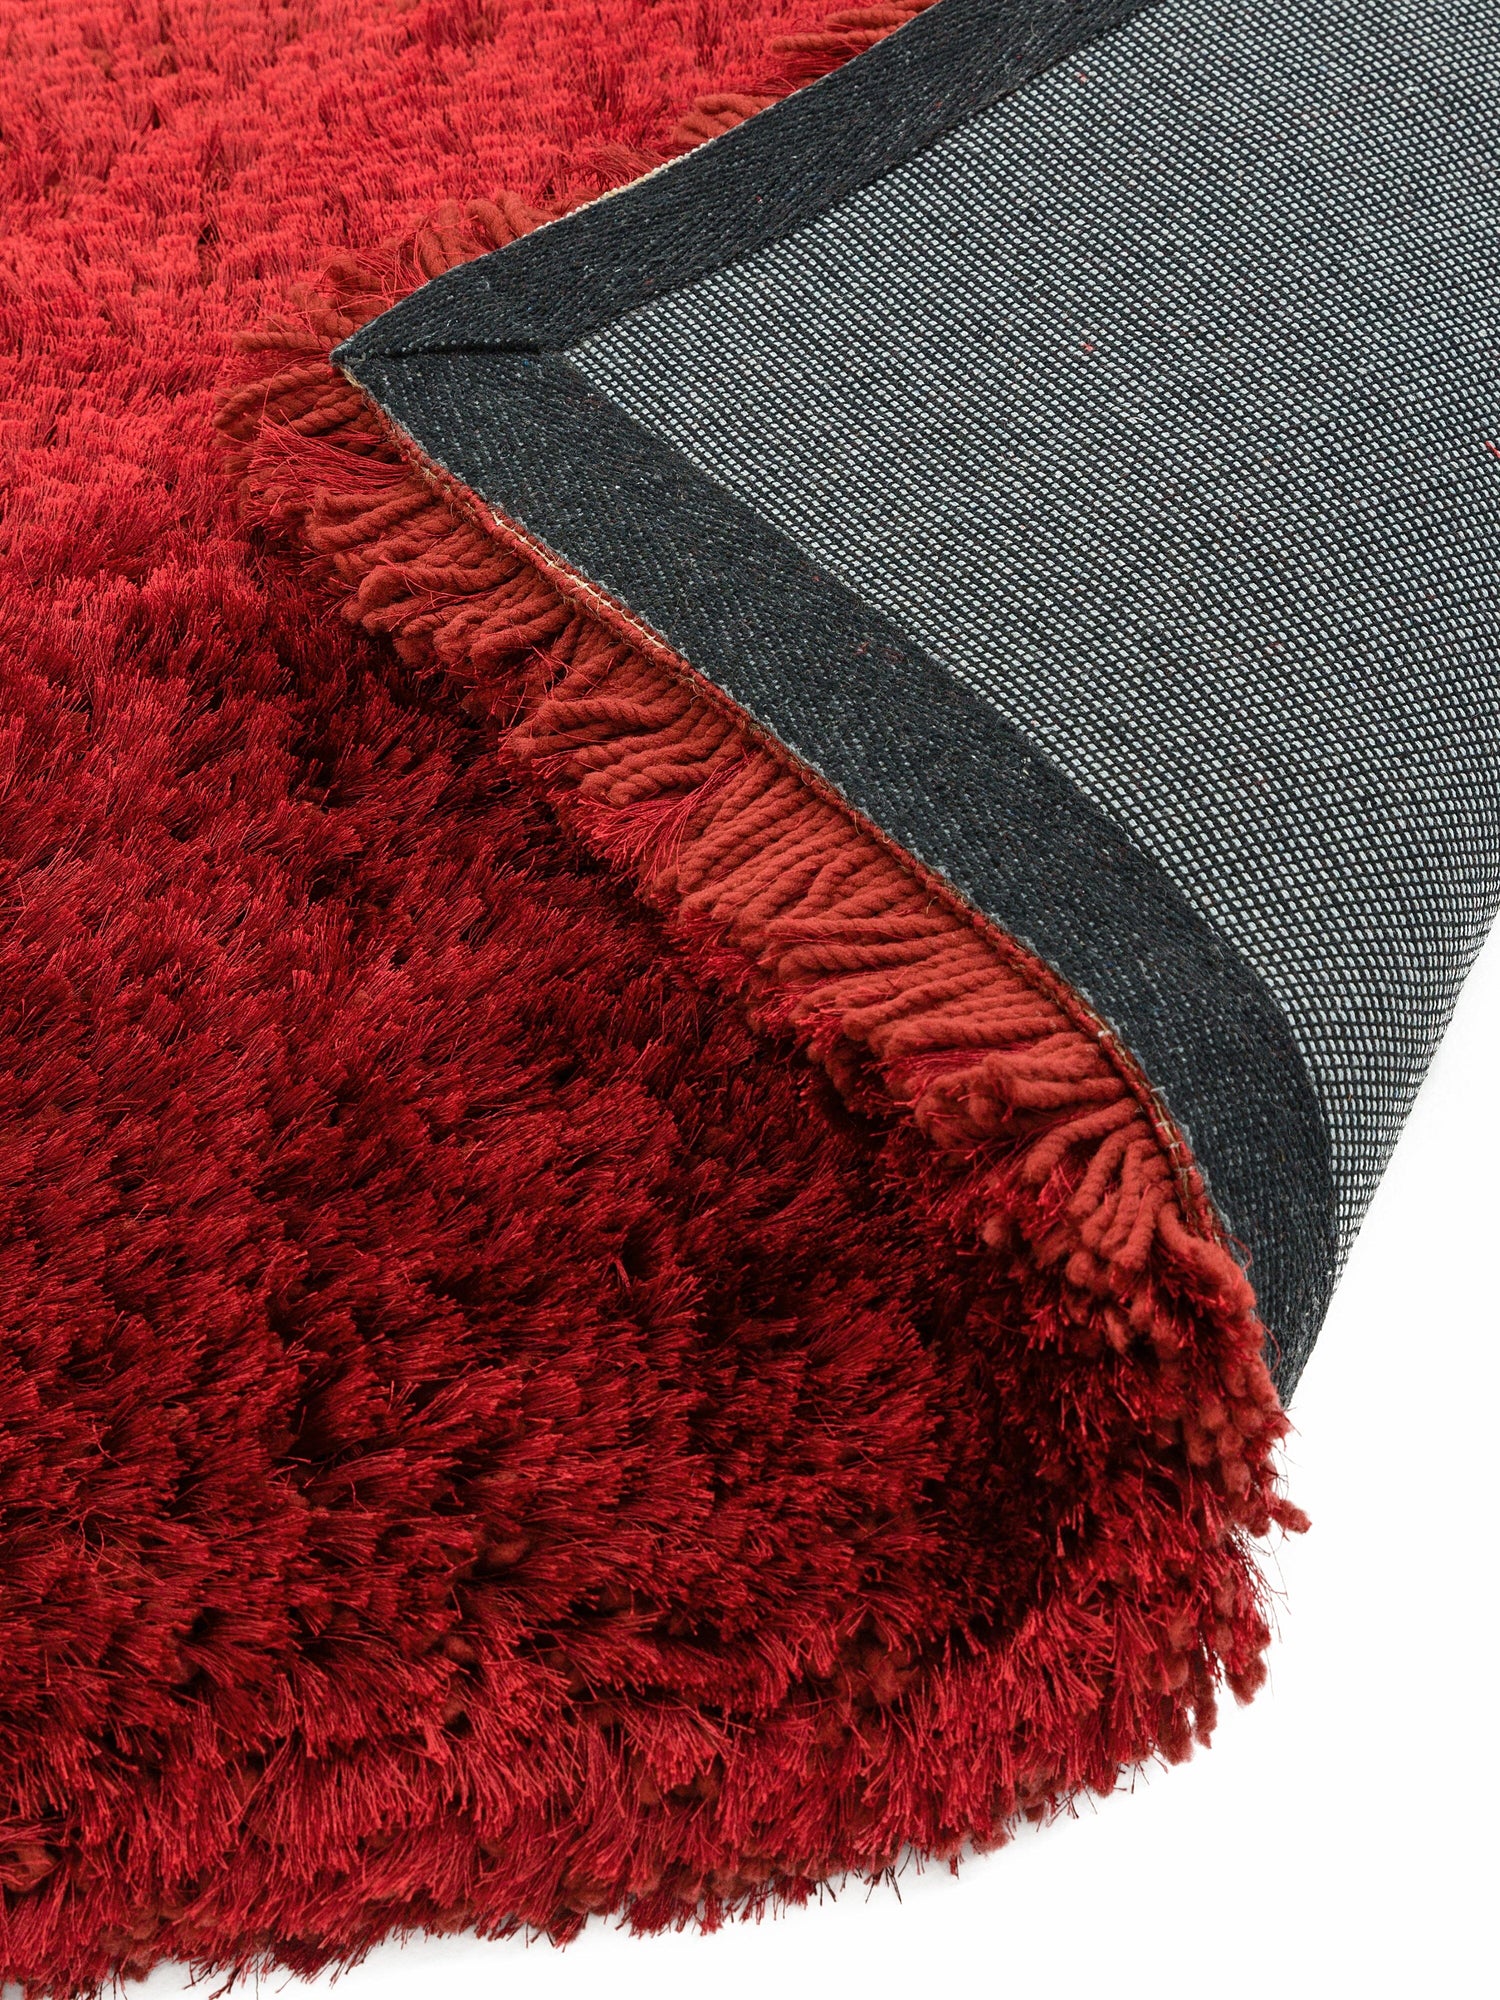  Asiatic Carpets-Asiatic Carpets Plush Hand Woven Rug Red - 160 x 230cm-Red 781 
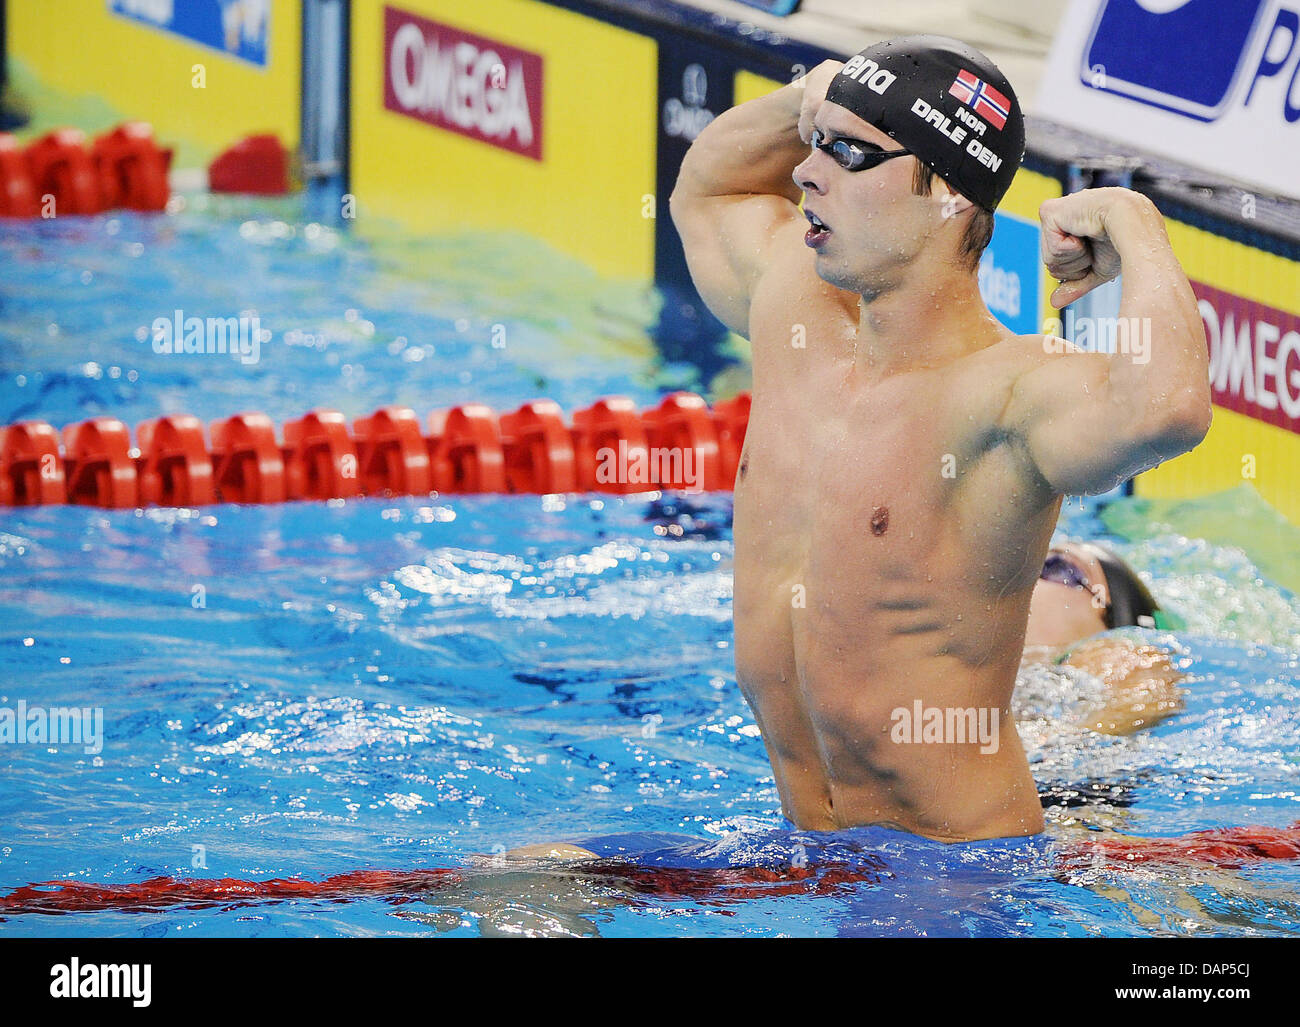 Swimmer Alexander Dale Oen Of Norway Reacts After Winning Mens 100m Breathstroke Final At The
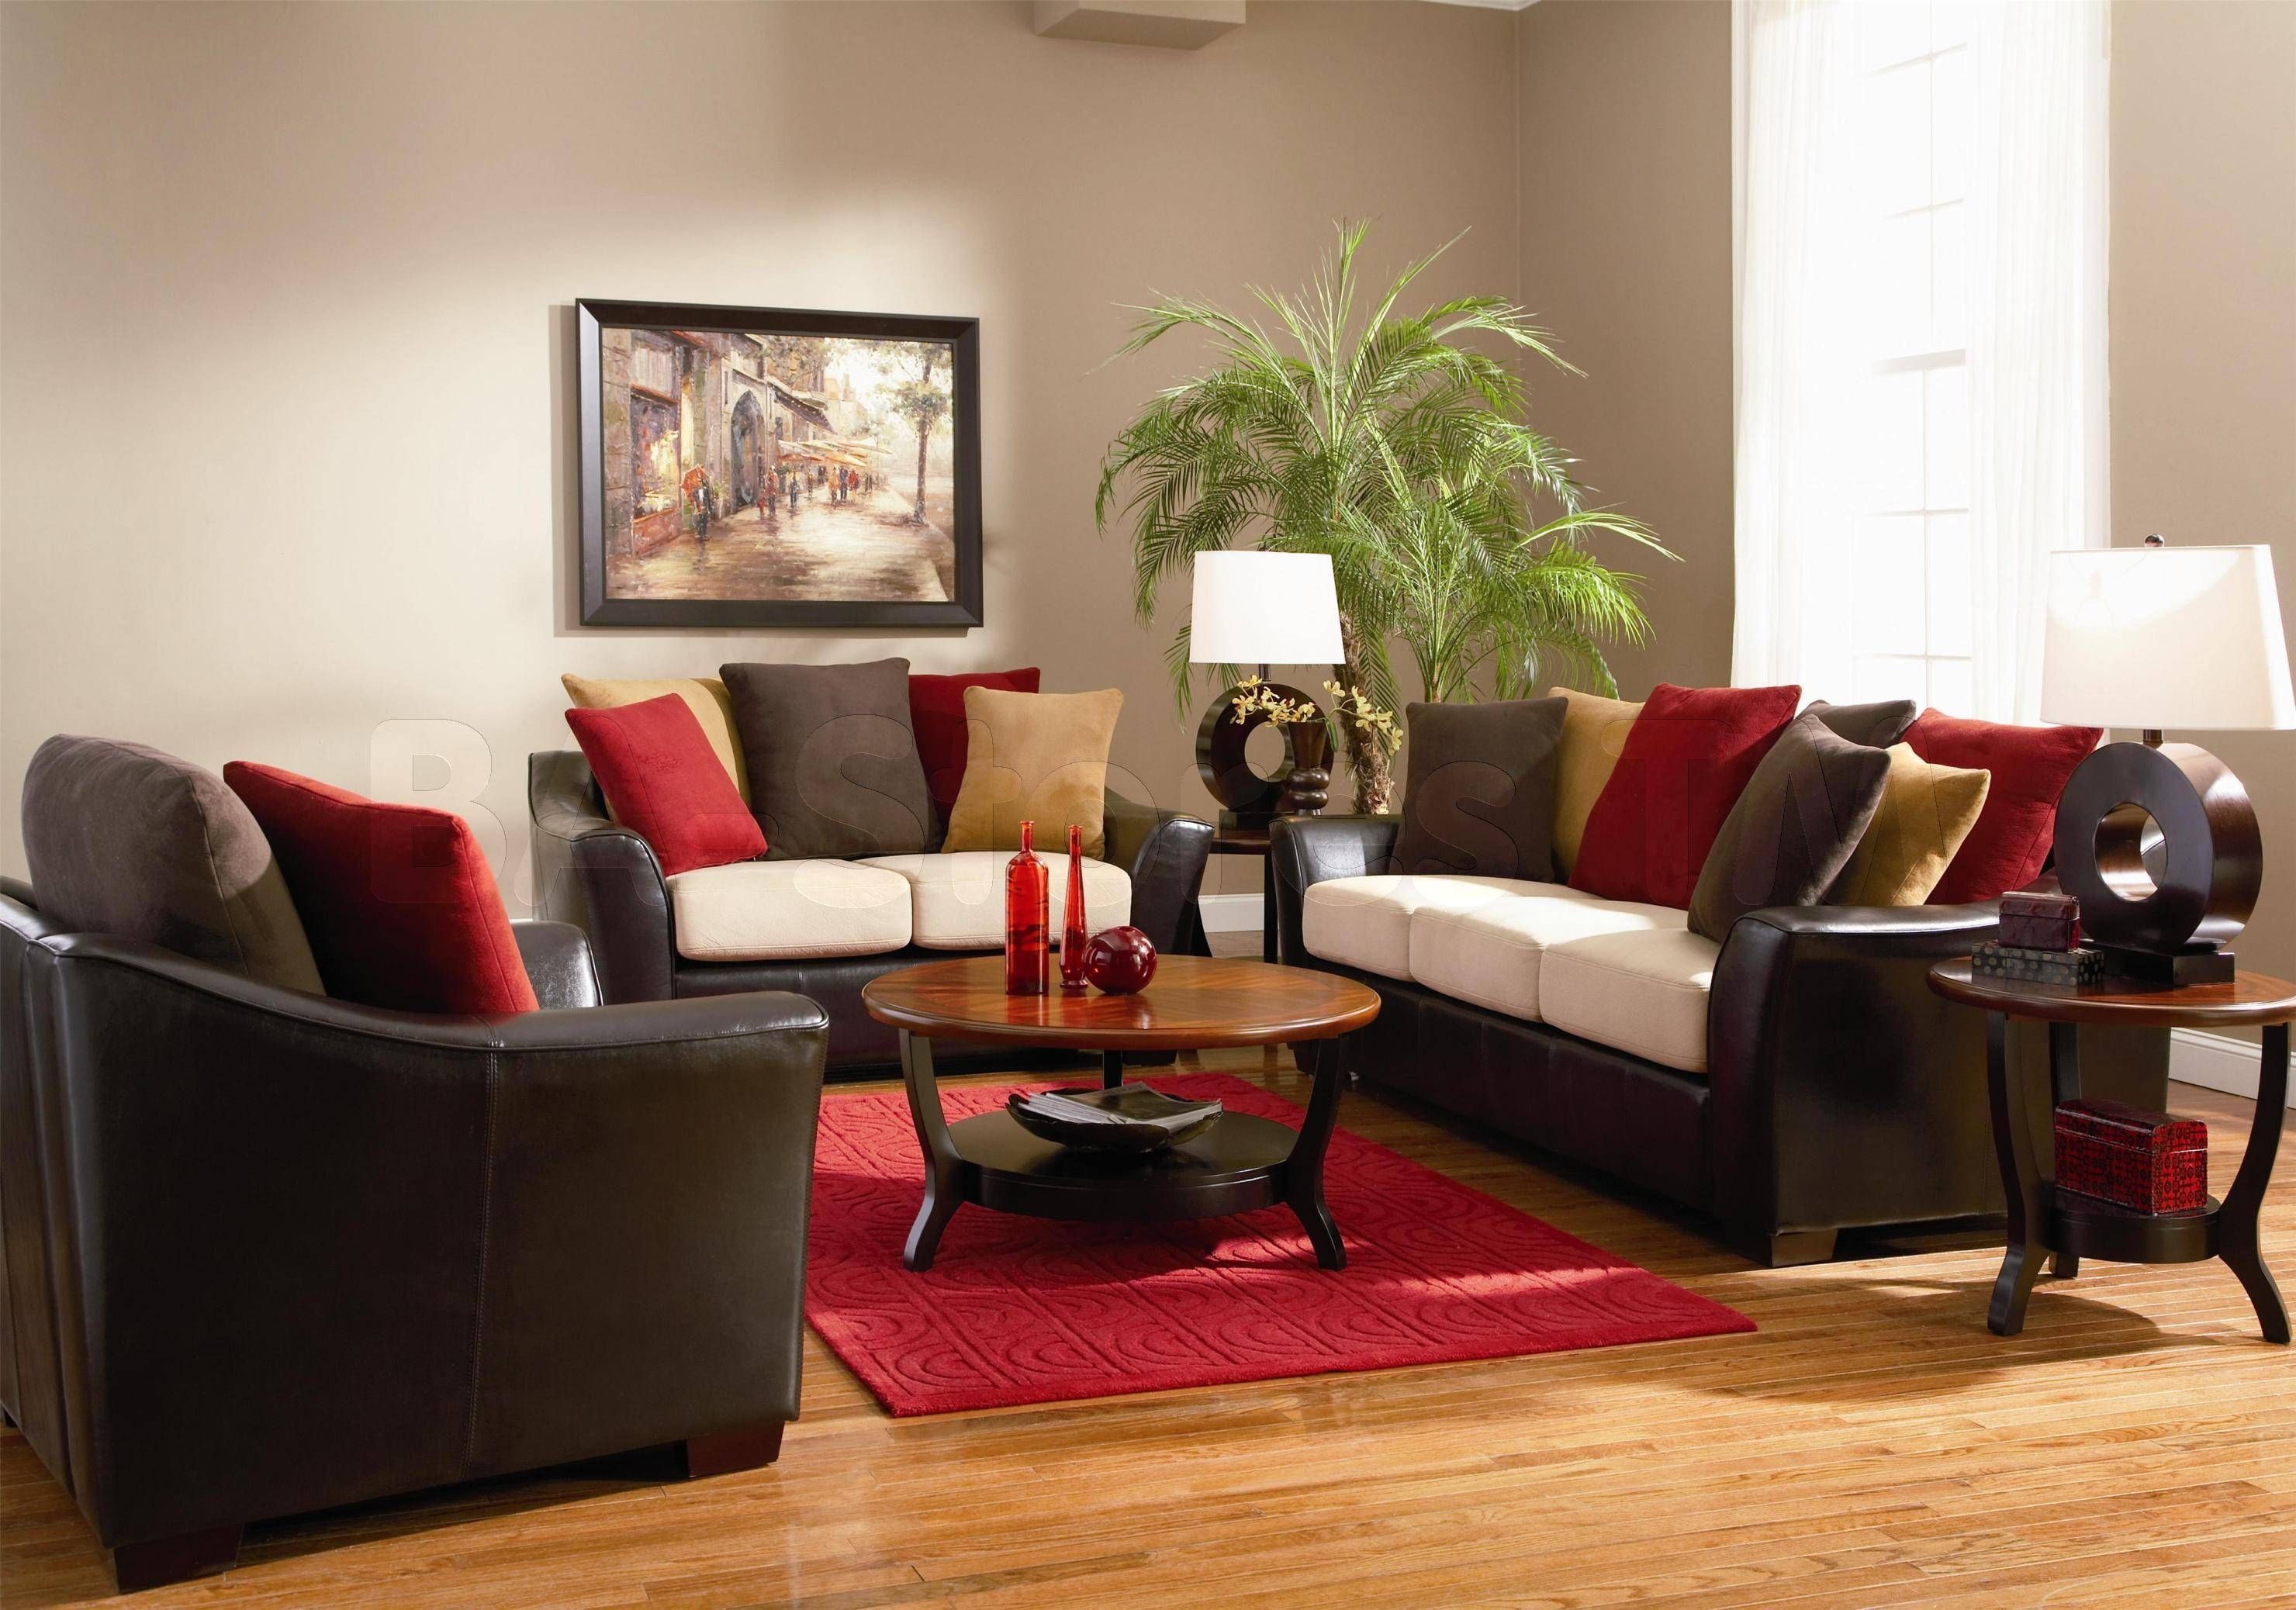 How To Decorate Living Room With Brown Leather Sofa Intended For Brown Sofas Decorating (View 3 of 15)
****************
What is being asked
Give back the material above exactly as it appears, minus any picture.

Answer section
  Asiatic Carpets-Asiatic Carpets Plush Hand Woven Rug Red - 160 x 230cm-Red 781 
 Swimmer Alexander Dale Oen Of Norway Reacts After Winning Mens 100m Breathstroke Final At The
 How To Decorate Living Room With Brown Leather Sofa Intended For Brown Sofas Decorating (View 3 of 15)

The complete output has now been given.